The book’s thesis may be articulated in three propositions that Taylor repeats several times in different terms: (1) “The Protestant revolution prepared the way for subsequent revolutions that created the modern world”; (2) in language taken from Max Weber, “the Protestant ethic” is the origin not merely of “the spirit of capitalism” but also of “the spirit of globalization” that is now making our world one; and (3) “Western secularity,” which with globalization is breaking its old geographical bounds, “is a religious phenomenon”; more precisely, it is the culmination of “the reversal of transcendence in immanence” that Taylor claims is “at the heart of the Protestant tradition.” This last proposition requires some explaining. Despite his deconstructionist credentials, Taylor is at bottom a kind of Hegelian. (The Catholic philosopher Charles Taylor is another and rather different kind of Hegelian.) According to the author of After God, “Hegel explains the importance of the Reformation”; he works out the implications of the Reformation’s “privatizing, deregulating, and decentering the relation between the believer and God” and its proclamation of the priesthood of all believers. To put a long and complicated story in brief, for Hegel and for Taylor too, “the world is really the self-embodiment of God, and thus, whatever exists is an incarnation of divine reality.” But if (and what a big if it is!) “God is real only by becoming incarnate in self and world,” then it follows that, “in this process of its own becoming,” transcendence—that is, God—“negates itself in...immanence”—that is, the world. Or, in more dramatic terms, “God dies by becoming so immanent that the profane is sacred and the finite is infinite.”
On this view, secularity is “the fulfillment rather than the simple negation of religion.” It is the fulfillment of God’s embodiment and self-negation in nature and history. Yet Taylor still finds sense in talking about “the divine.” “After God,” he writes, “the divine is not elsewhere but is the emergent creativity that figures, disfigures, and refigures the infinite fabric of life,” which sounds a lot like what has traditionally been called pantheism. Taylor’s ethical prescriptions are similarly thin. We are to “embrace complexity,” “promote cooperation as much as competition,” “accept volatility,” and “cultivate uncertainty.” But stay away from absolutes! He does not say whether this prohibition extends to principles like respect for persons.
The deeper I read into this book, the more I felt like a spectator.

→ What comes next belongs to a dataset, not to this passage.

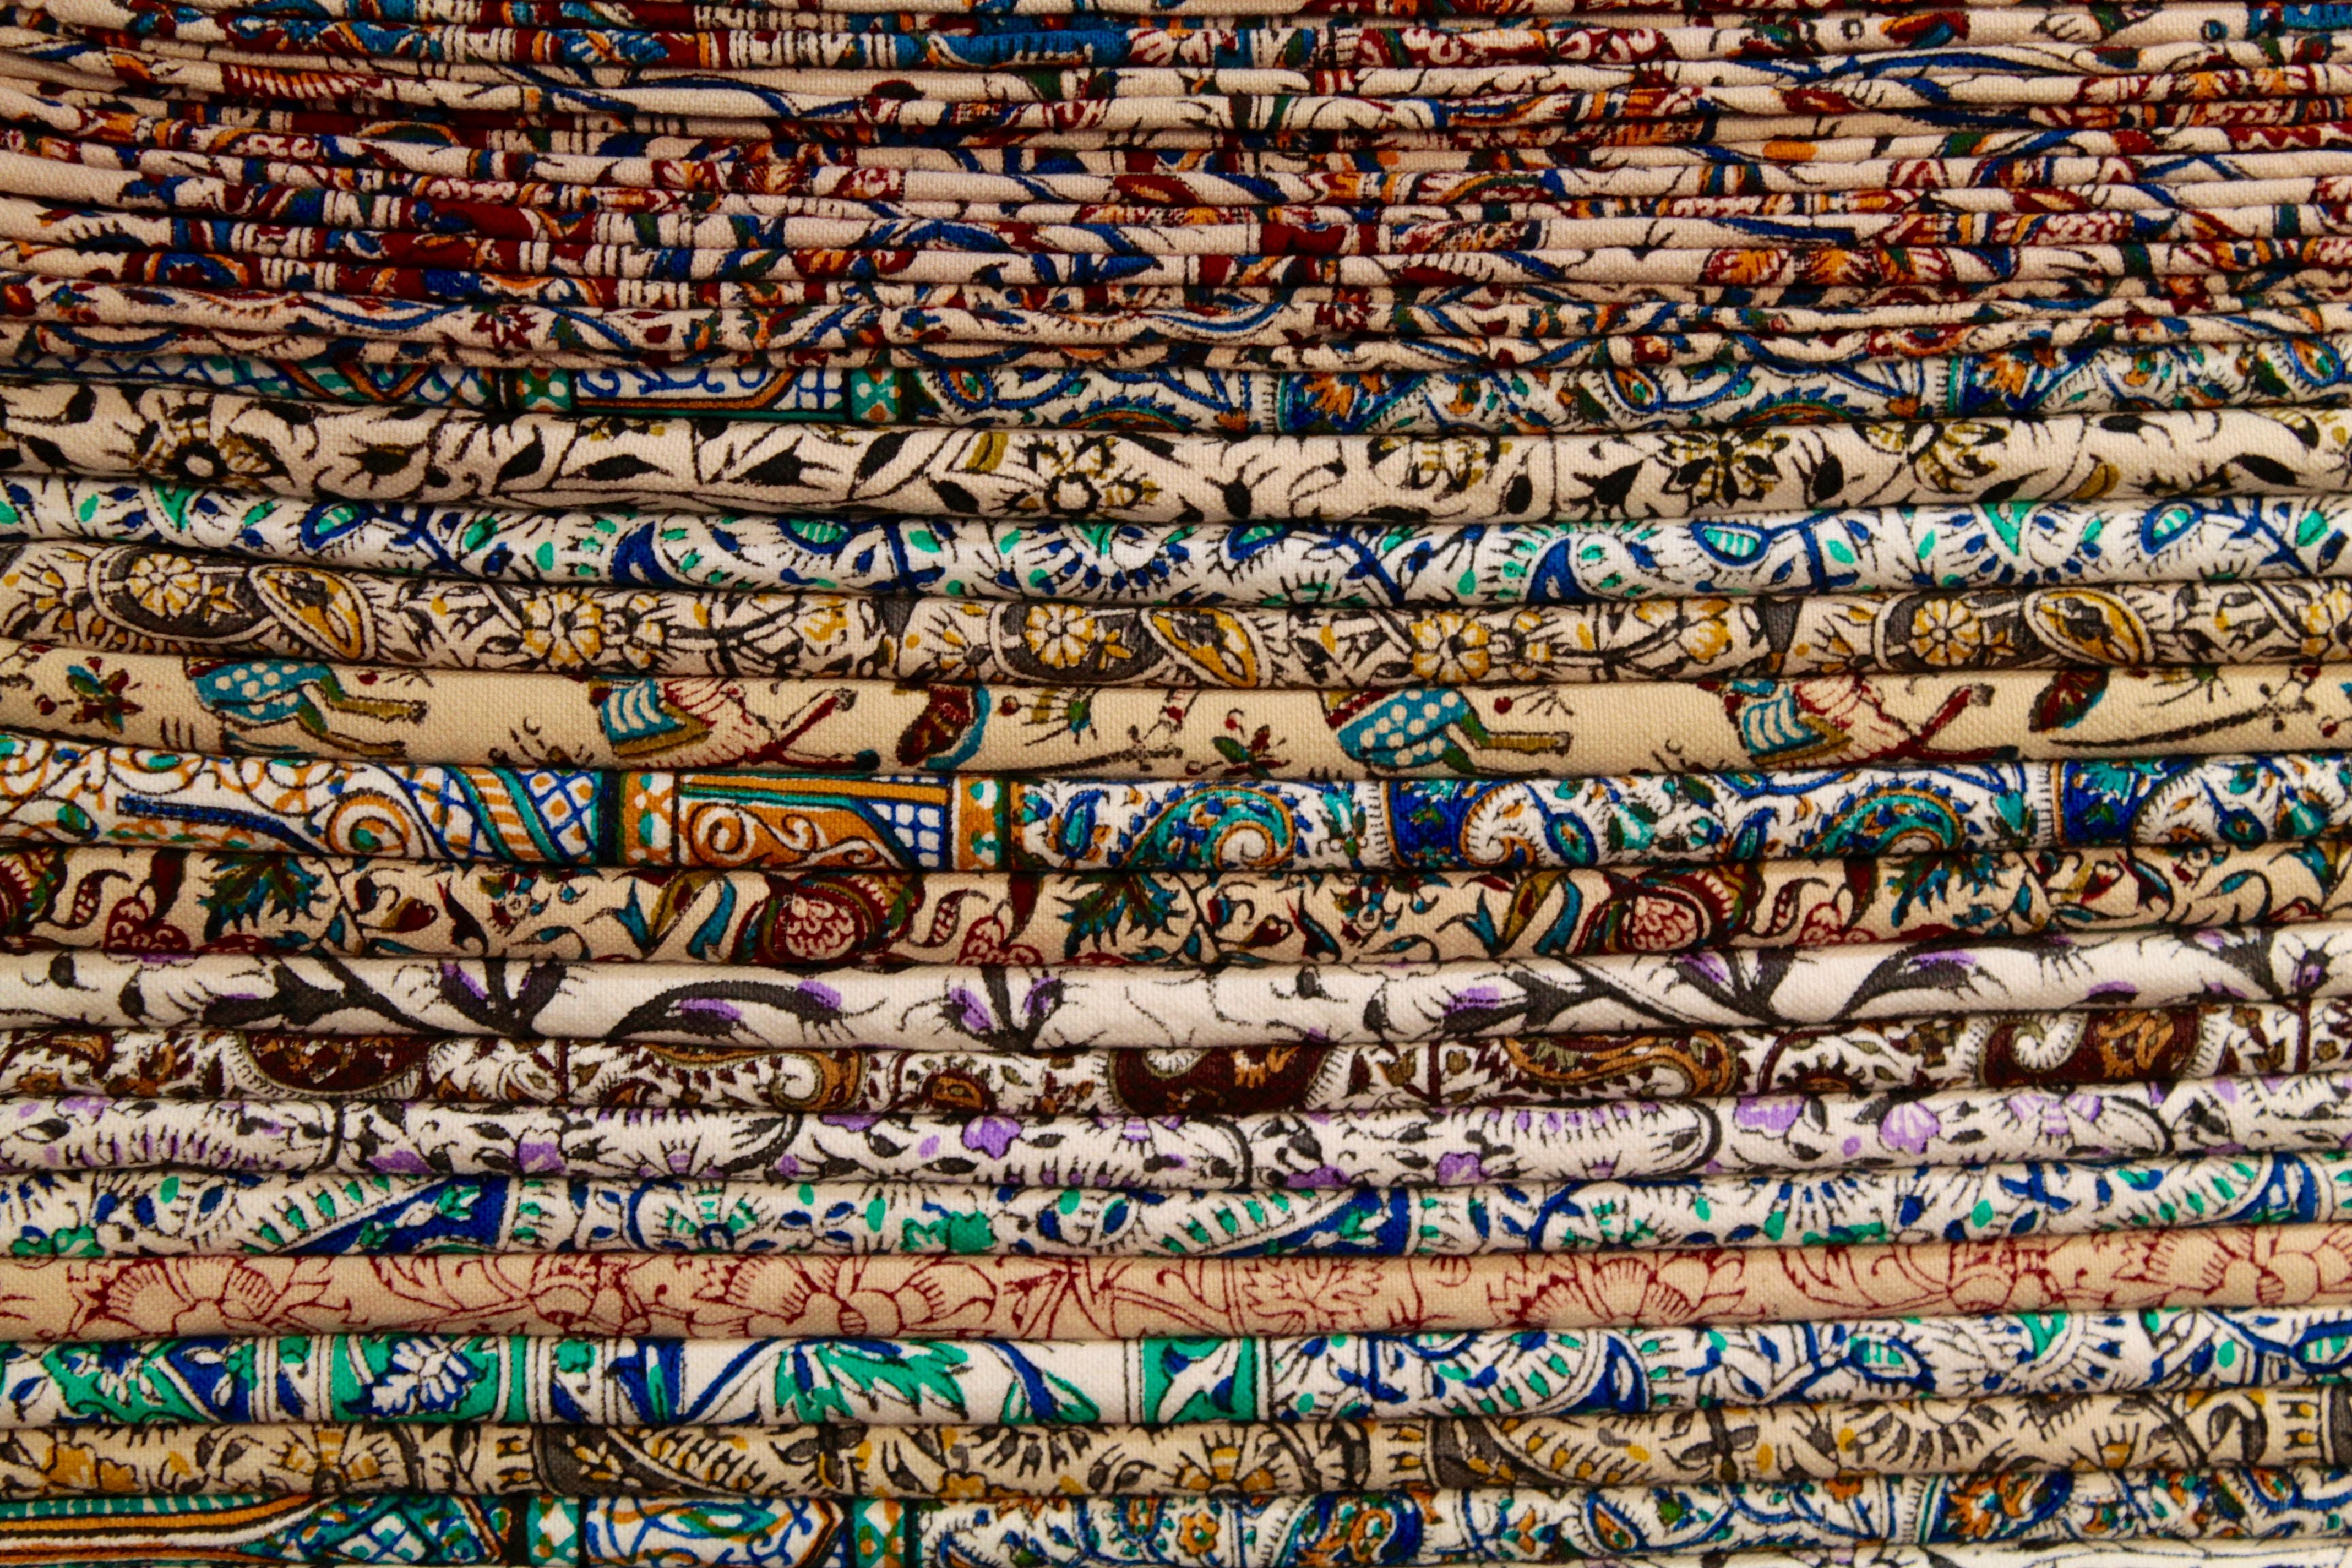 Image of Persian fabrics
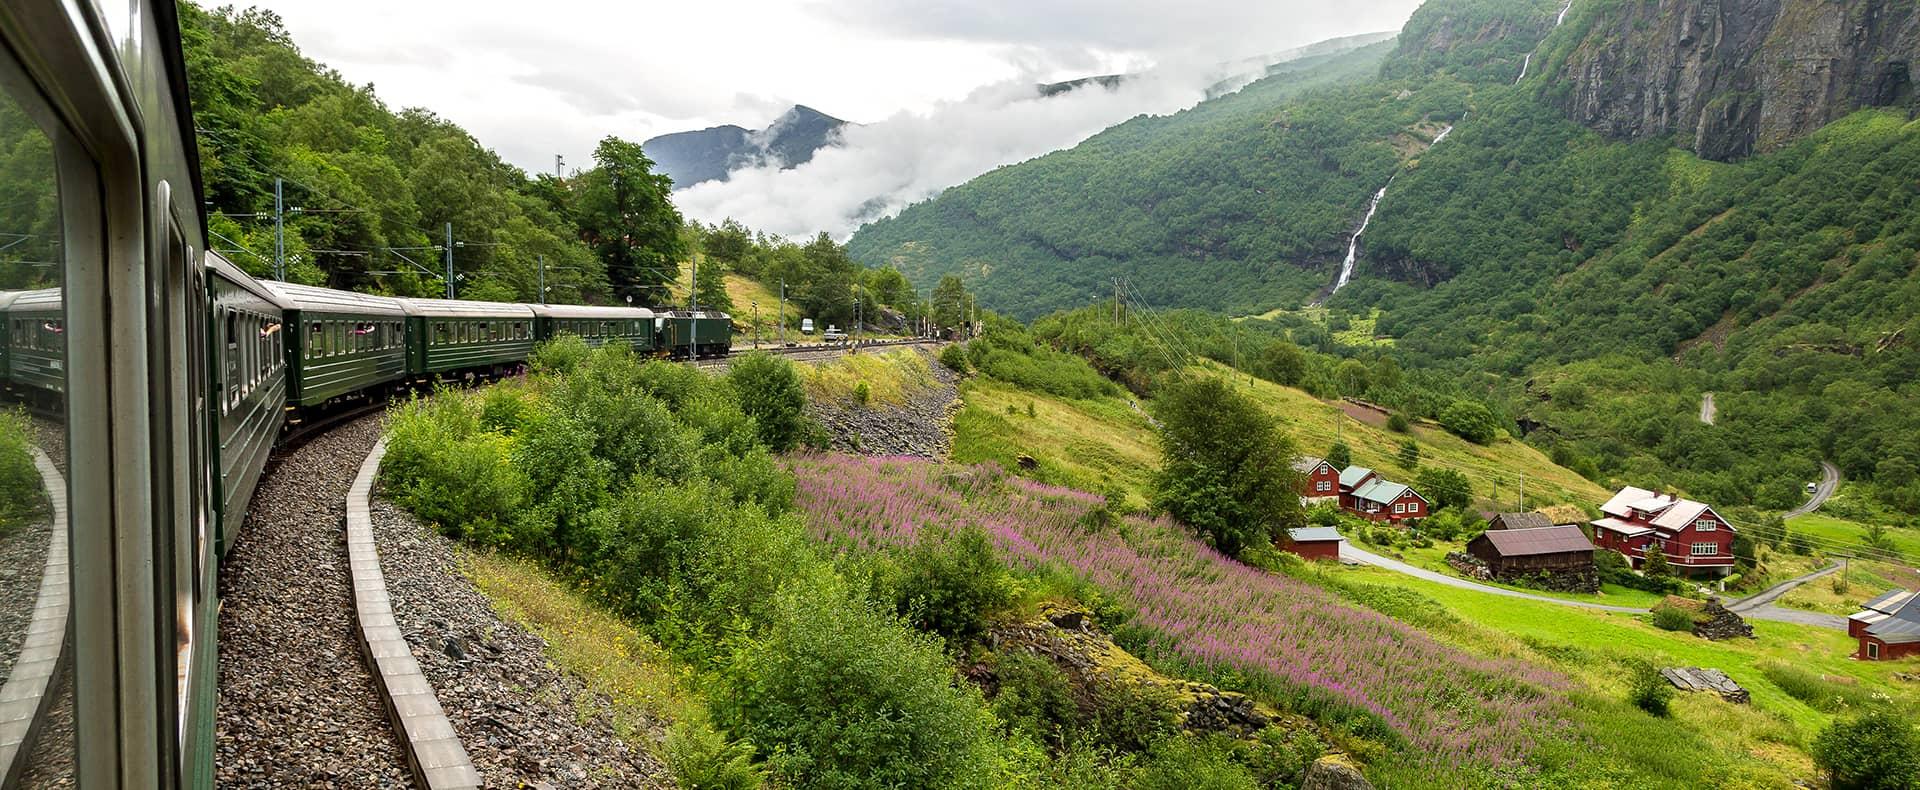 Flam, Norway

Since “modernity as well as postmodernity is inseparably bound up with Protestantism” (according to Taylor, there is even an “unexpected relationship between Protestantism and the Internet”), what’s a Catholic who still believes in God to do but watch from the sidelines? Taylor does discuss two contemporary Catholics, Benedict XVI and William Bennett, but only as examples of reactionaries who must be overcome. Another turn of the dialectic, however, seems unlikely to bring the peace that Taylor calls for. A richer appreciation of the life of faith in its diverse forms—and a willingness to turn the page on the culture wars of the 1960s—might make for a better start.